▶ PROBLEM: For this exercise, retype each line of the material below verbatim and omit any picture.

▶ INFORMATION SHOWN:

+===+

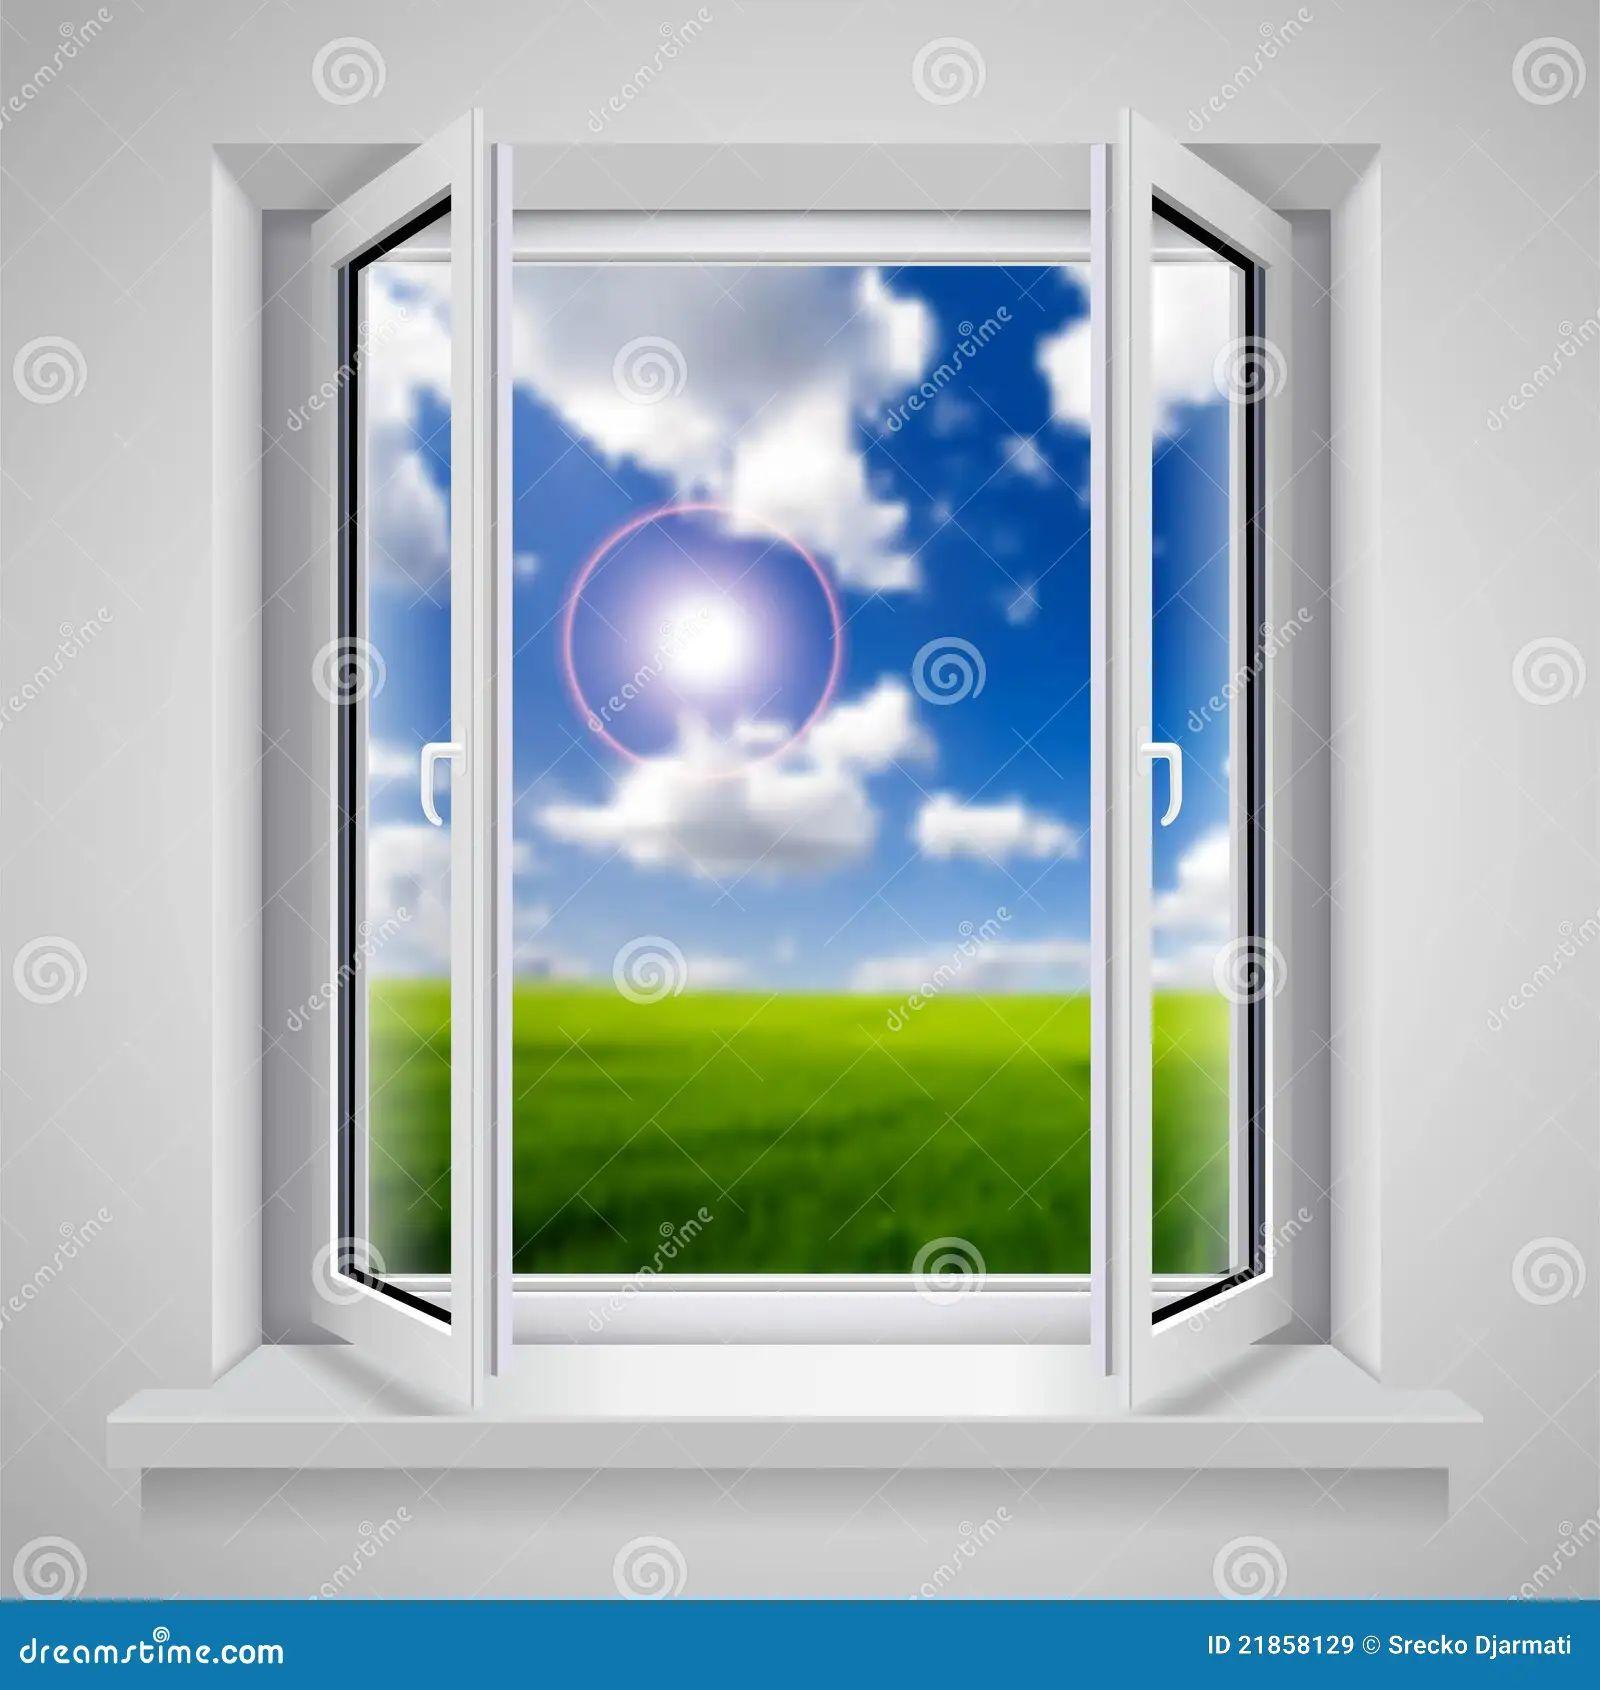 Gallery for gt open window
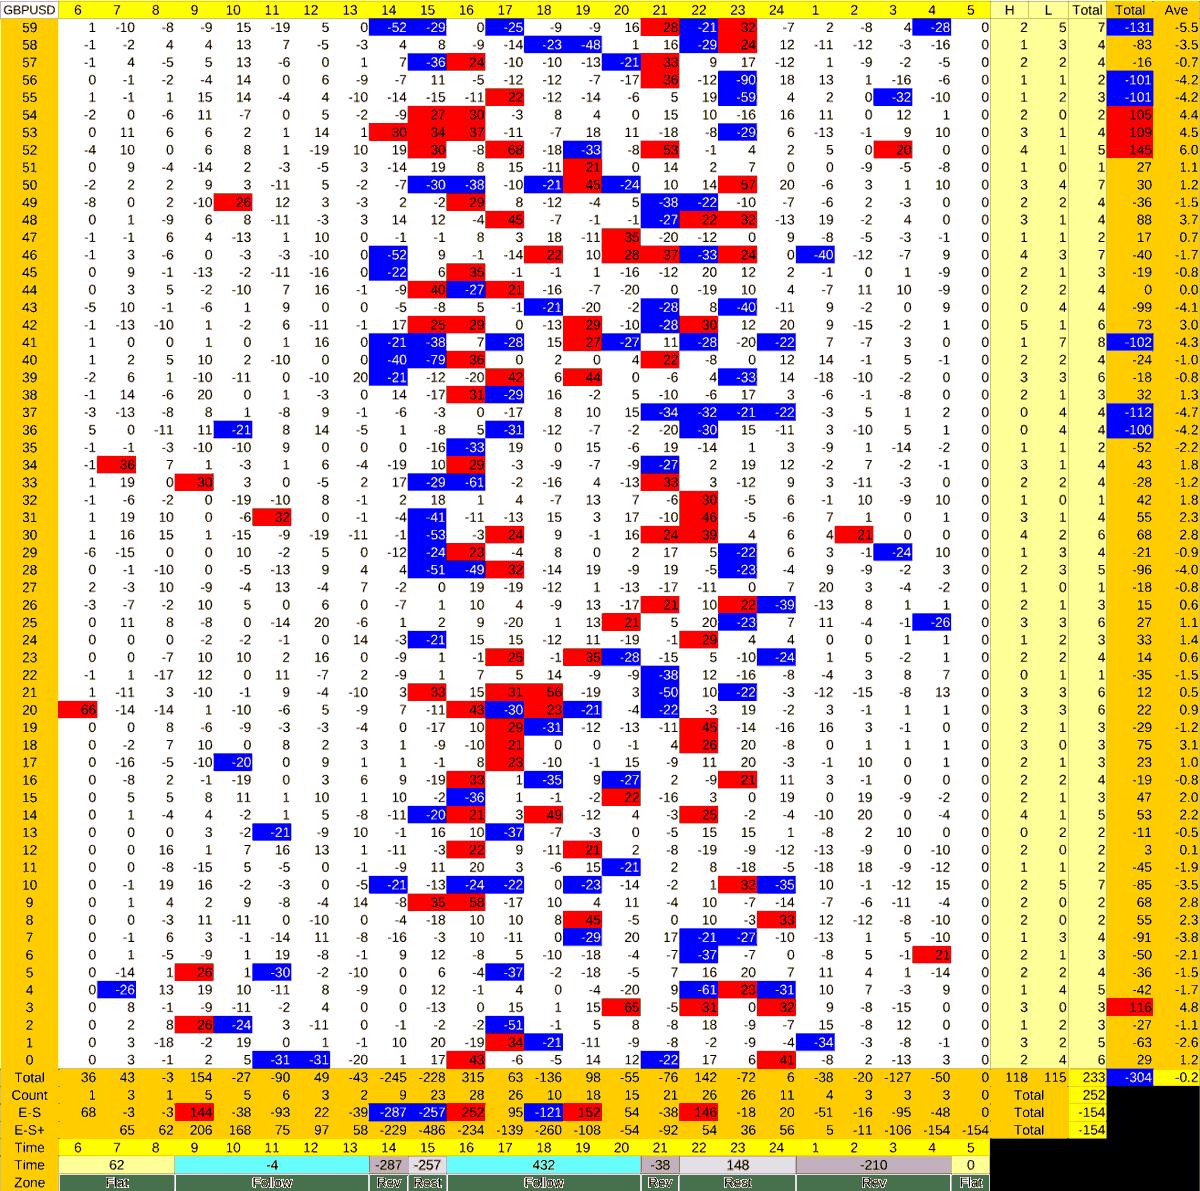 20210409_HS(2)GBPUSD
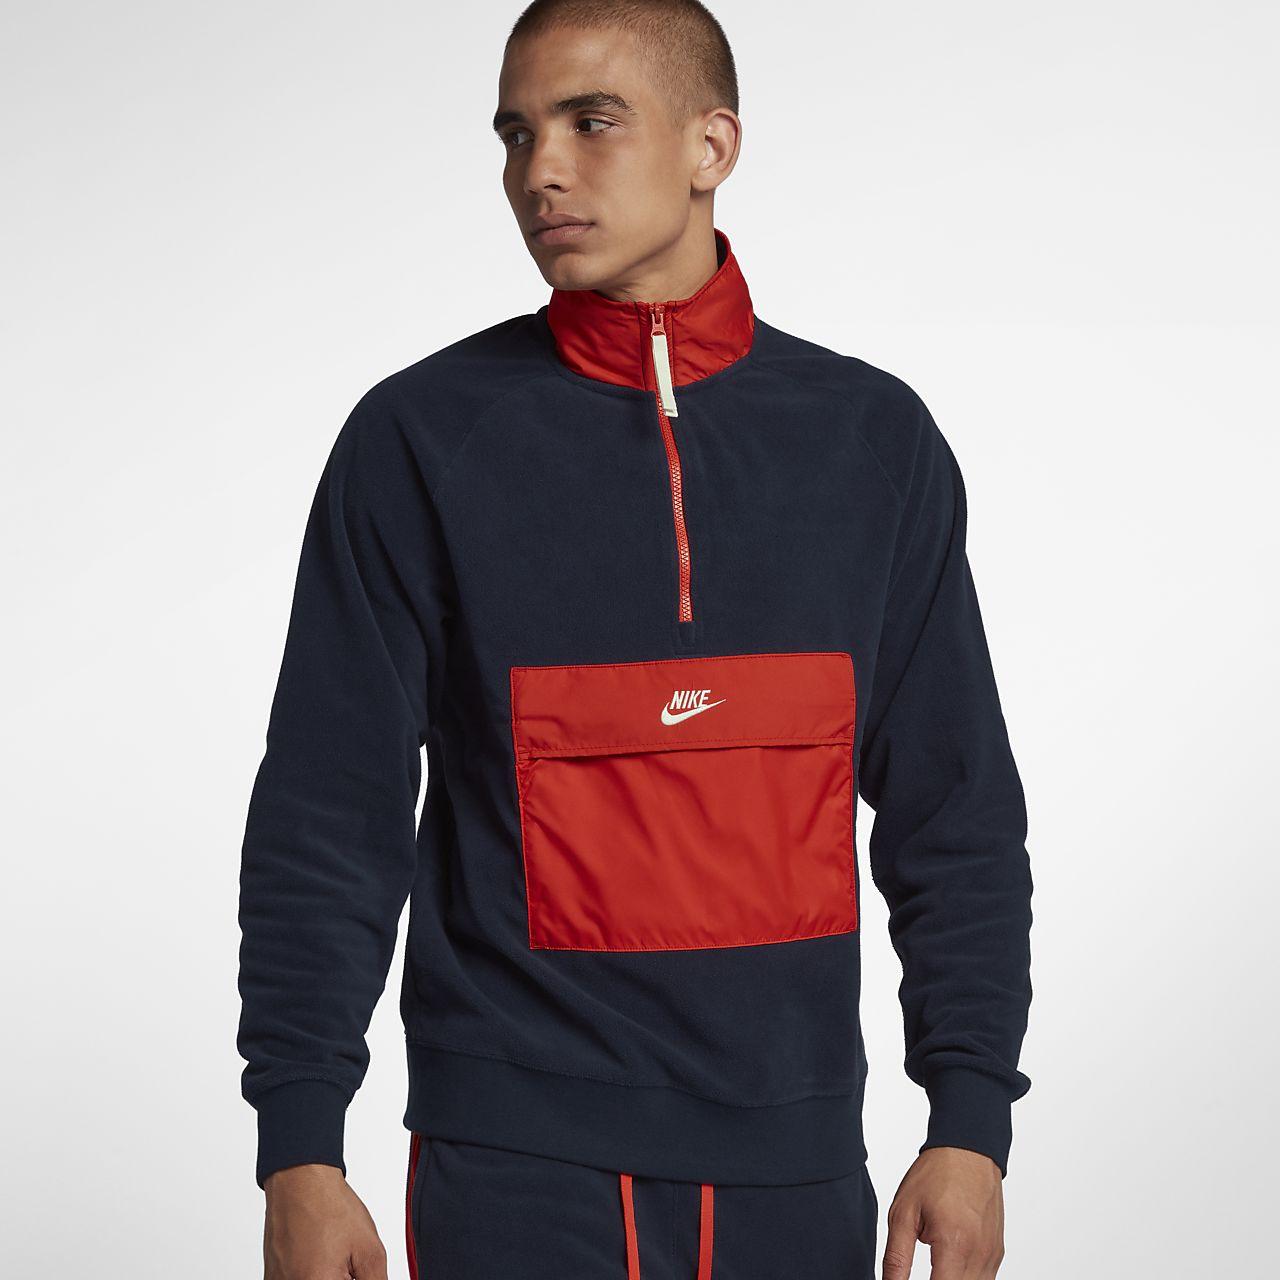 Nike Sportswear Herren-Oberteil mit Halbreißverschluss

+===+

▶ SOLUTION TO THE PROBLEM:
 Gallery for gt open window
 20210409_HS(2)GBPUSD
 Nike Sportswear Herren-Oberteil mit Halbreißverschluss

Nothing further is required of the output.